((

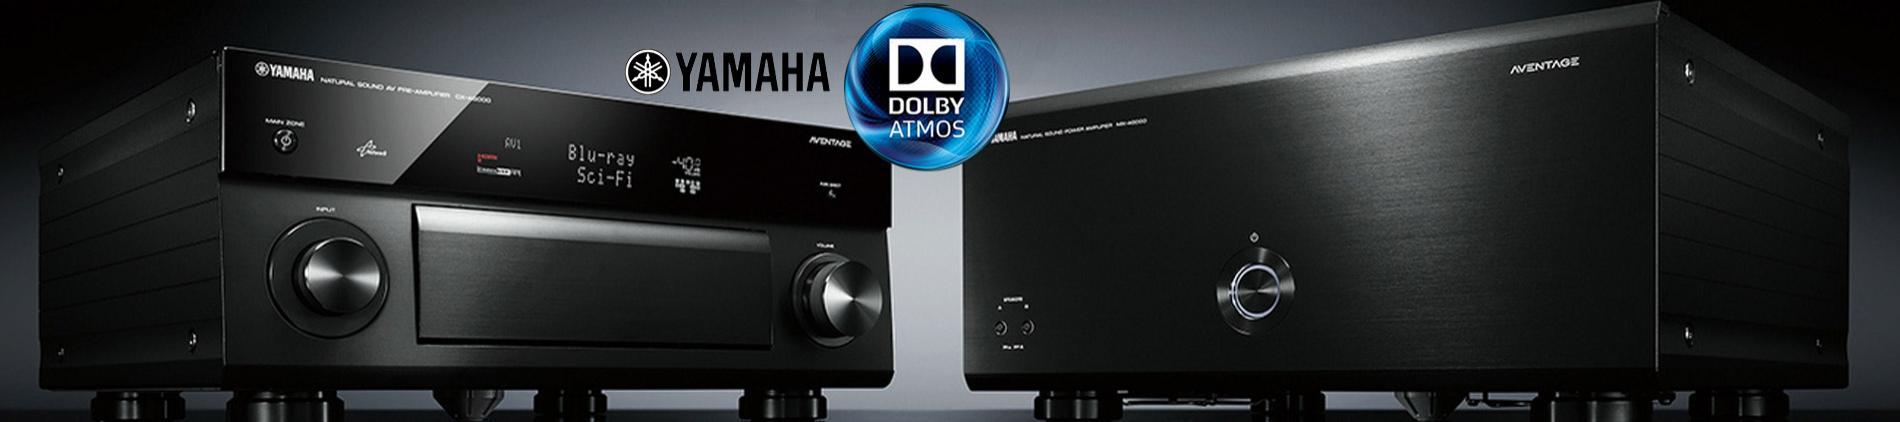 Yamaha Dolby Atmos
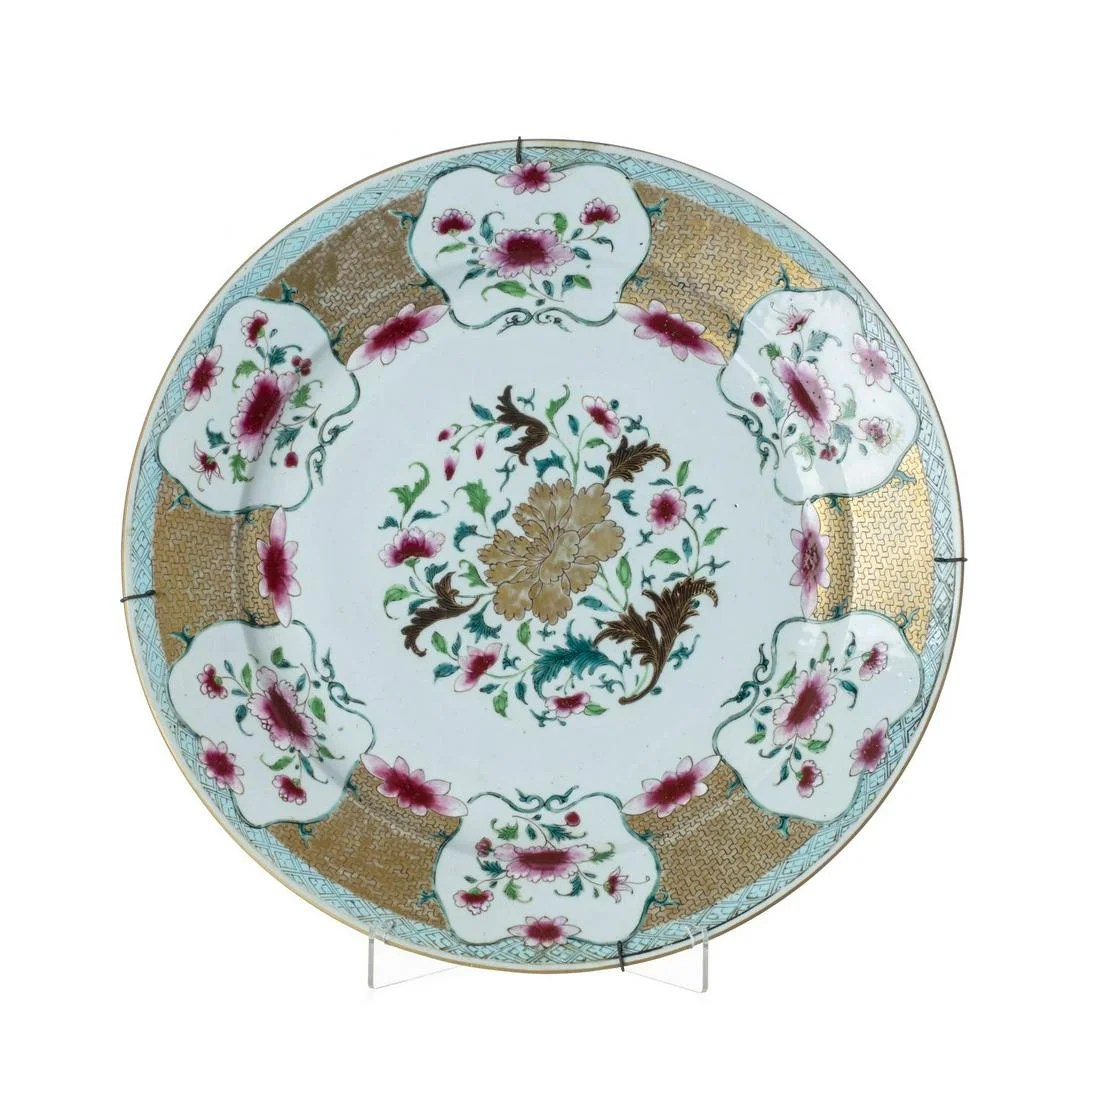 Chinese porcelain plate, Yongzheng
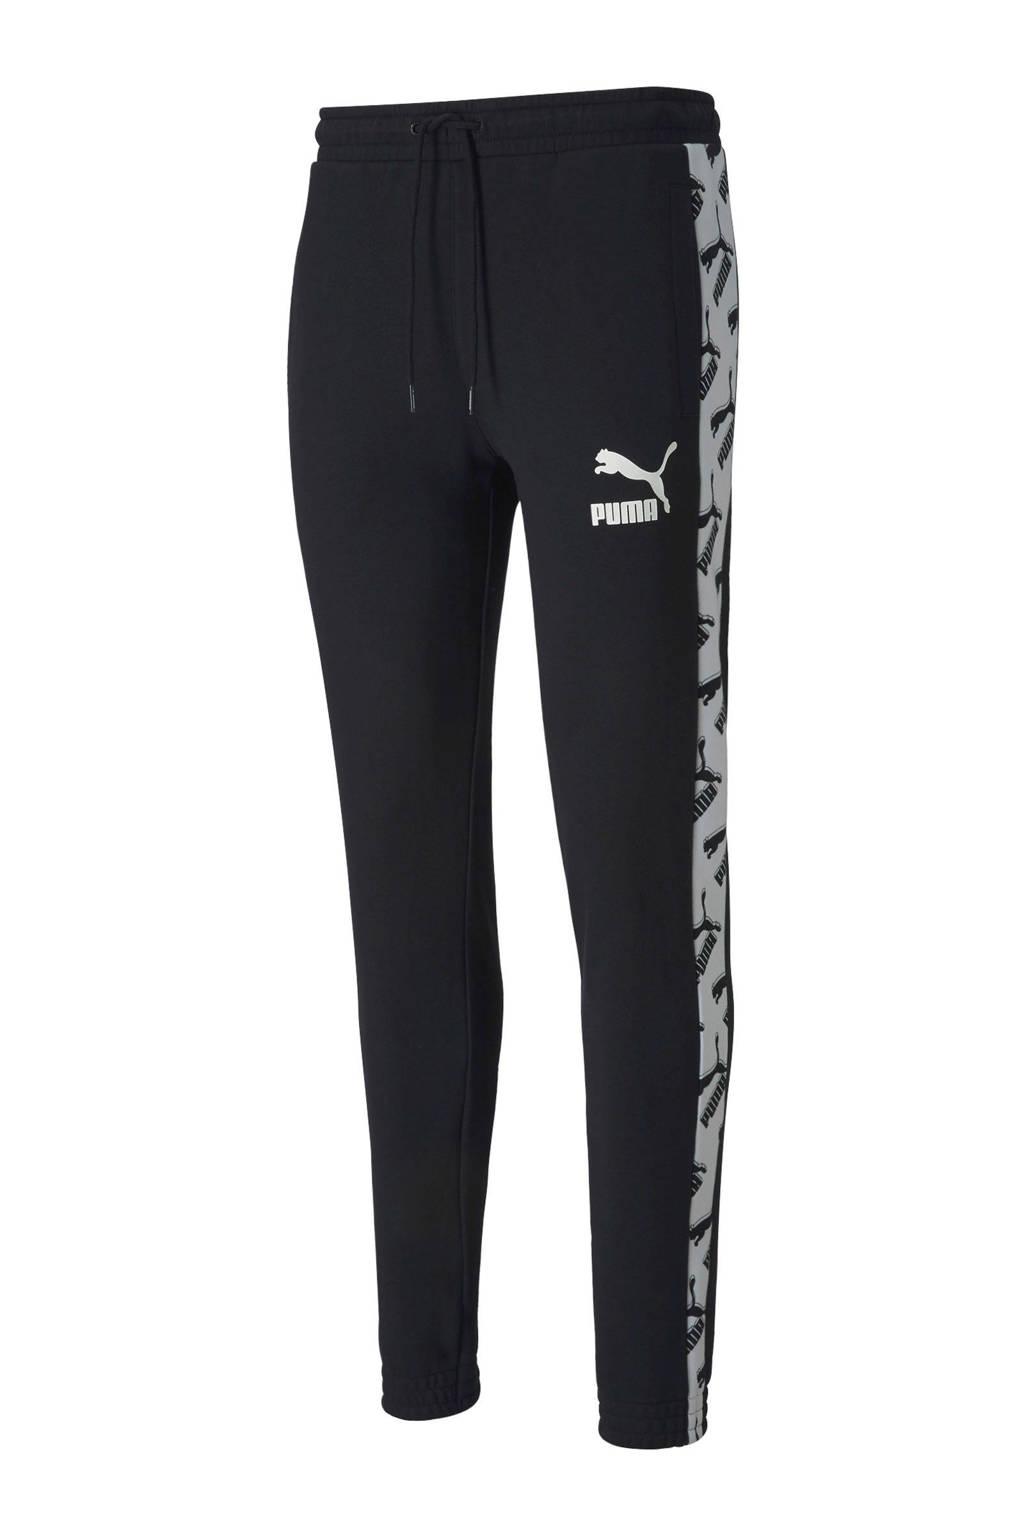 Puma   joggingbroek zwart/wit, 100% katoen
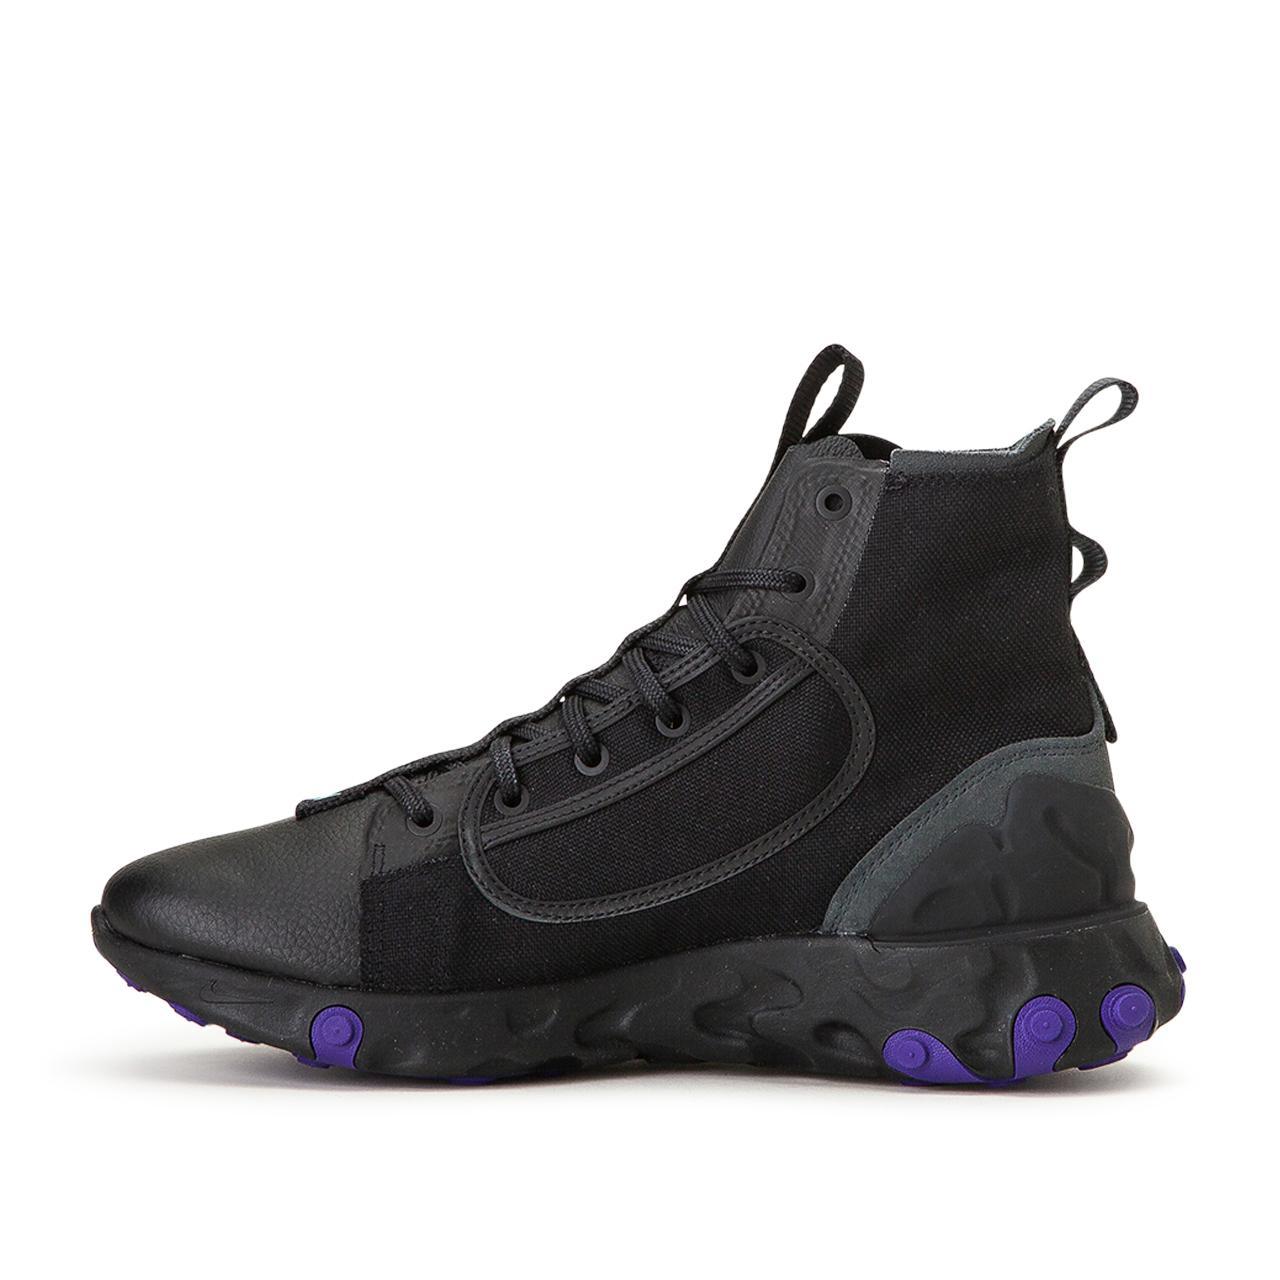 Nike React Ianga Shoe in Black for Men - Lyst

))

▶ Task prompt:
Restate all of the material word for word, leaving every picture out.

▶ Task output:
 Yamaha Dolby Atmos
 Chinese porcelain plate, Yongzheng
 Puma   joggingbroek zwart/wit, 100% katoen
 Nike React Ianga Shoe in Black for Men - Lyst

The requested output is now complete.